Edward Furlong (Michael) was on and off, he was still green as an actor when he did this movie and it showed. Frank Langella (Det. Hayden) cashed in that check, but in the man’s defense, he was an imposing presence and a hoot to watch. Amy Hargreaves (Kimberly) looked good with and without the bra. That’s basically why her character was in the film. I wanted to kill James Marsh (Kyle), it wasn’t all the actor’s fault though, his dialogue SUCKED! T. Ryder Smith (Trickster) had fun with the role and did what he had to do for better and worse.
T & A
Don’t blink and you’ll see Amy Hargreaves’ breasts. She’s also in many forms of undress throughout the movie. The ladies get the Trickster’s gnarly hair cut.

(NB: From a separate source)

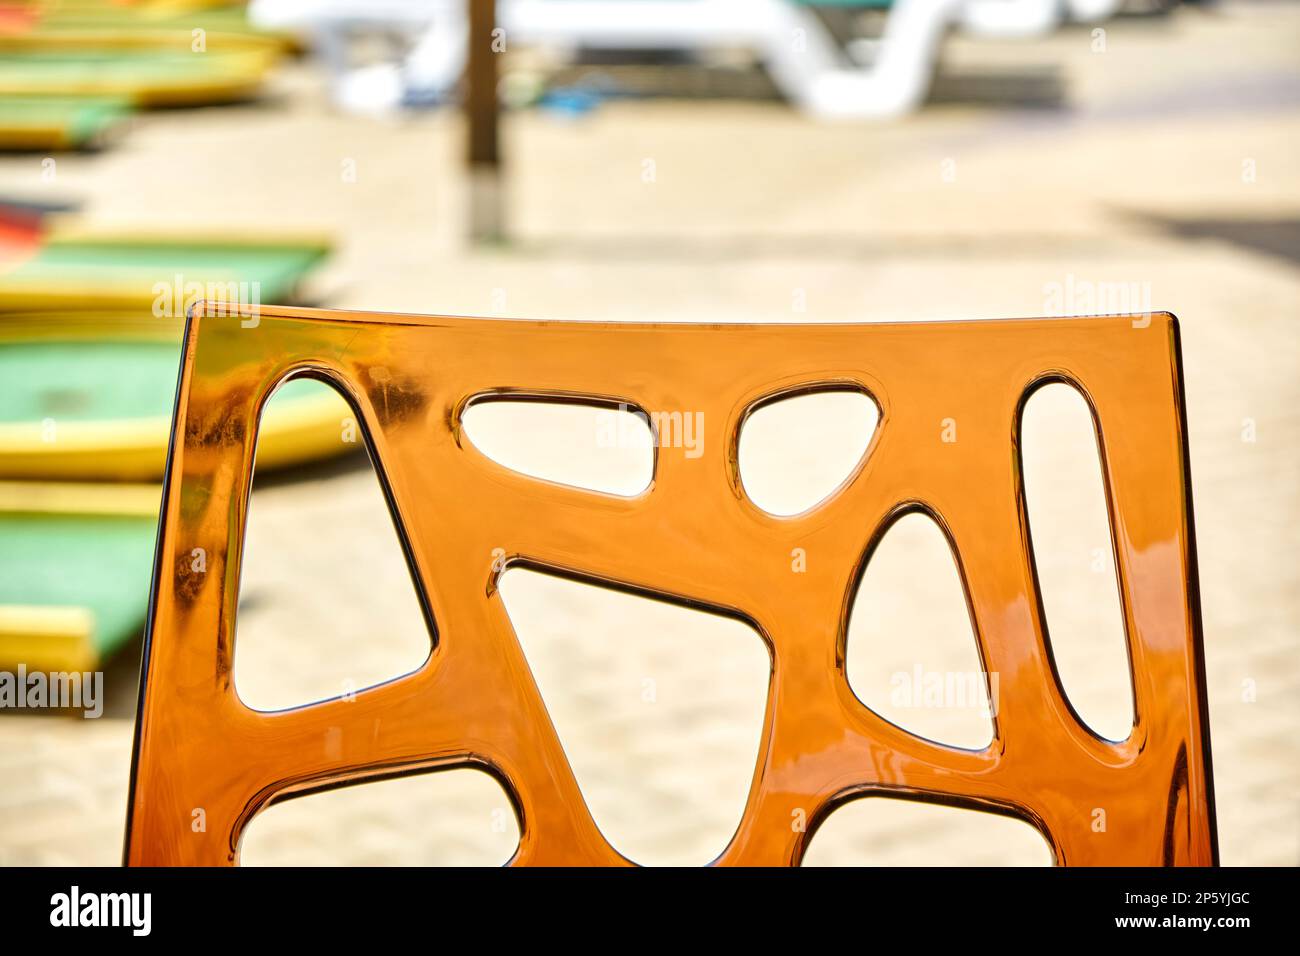 Back of chair made of transparent acrylic glass on blurred background. Place to sit in touristic street cafe near water park on sunny day closeup Stock Photo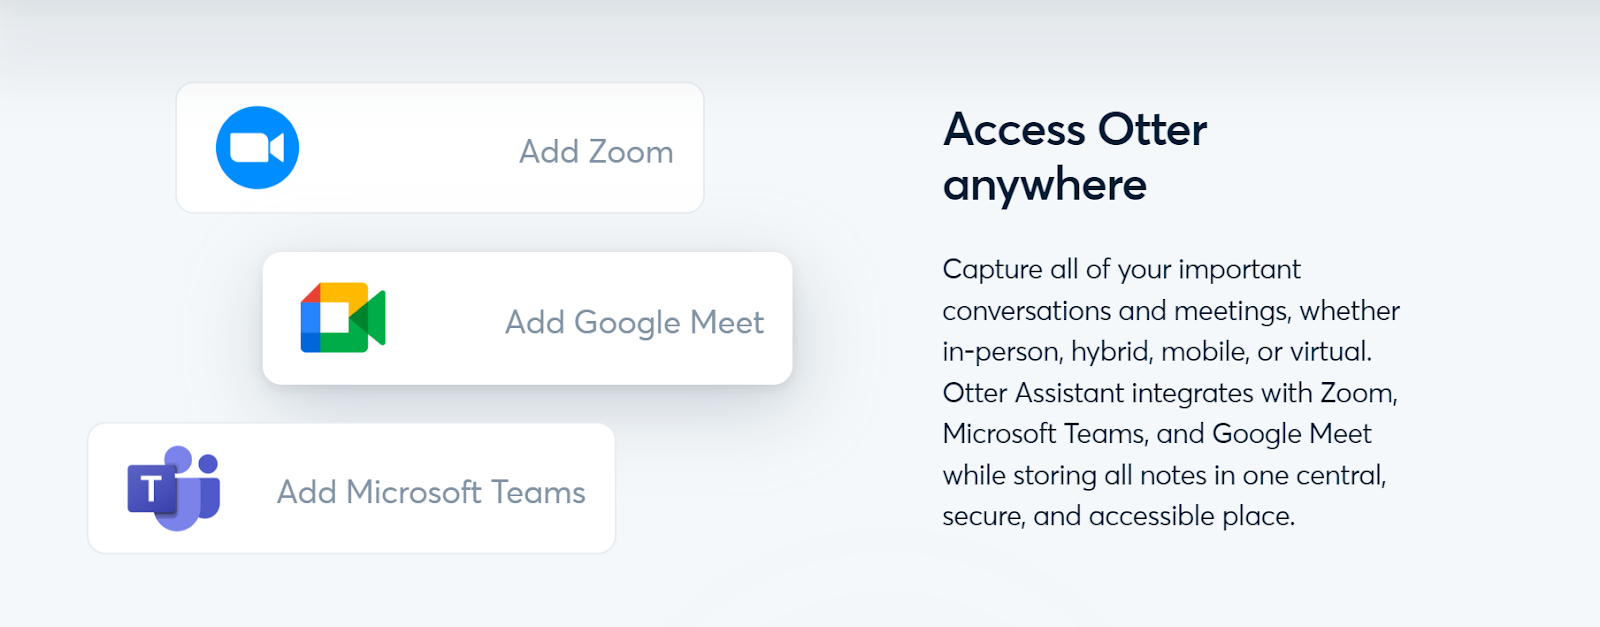 Otter Assistant works with Zoom, Microsoft Teams, and Google Meet to take and distribute notes automatically.

The visuals here went from gripping to TV movie-like. At times, the dark atmosphere was potent, while at others, it felt flat. I did love the first person, POV approach though and the minor suspense hit home. Uneven, but adequate.
The George Clinton score had a couple of good chords to it, but that’s all that it had! Talk about redundant! We also get some solid heavy tunes from the likes of Primus, Mudhoney, White Zombie, and Alcohol Funnyear.
Distribution: Columbia Tri-Star
IMAGE: The widescreen image did sport grain at times, but was overall decent.
SOUND: The Dolby Digital Stereo sound supported the dialogue and the somber score well.
EXTRA: We get Trailers for everything else but "Brainscan". COME ON GUYS! WORK WITH ME!
An underwhelming DVD for a “so-so” film.
Although it played it too “Atari” for my “PS2” self and was at times more redundant than a drunken Vince Vaughn, "Brainscan" still wound up being an easy fix, helped by its kool premise, its sometimes moody visuals and its horror friendly lead. I wasn’t on the edge of my seat with this flick, I wasn’t bored...I was just "there". You going to play this game? Do so if you’re at a loss for a time-killer, but I recommend “Silent Hill” or a healthy game of “Strip Hooker / Russian Roulette Poker” instead.
This film was shot in my native city of Montreal, Canada with the school in it actually being my old theater school: John Abbott College.
John Flynn also directed the action flicks "Lock Up" (with Stallone) and "Out for Justice" (with Steven Seagal).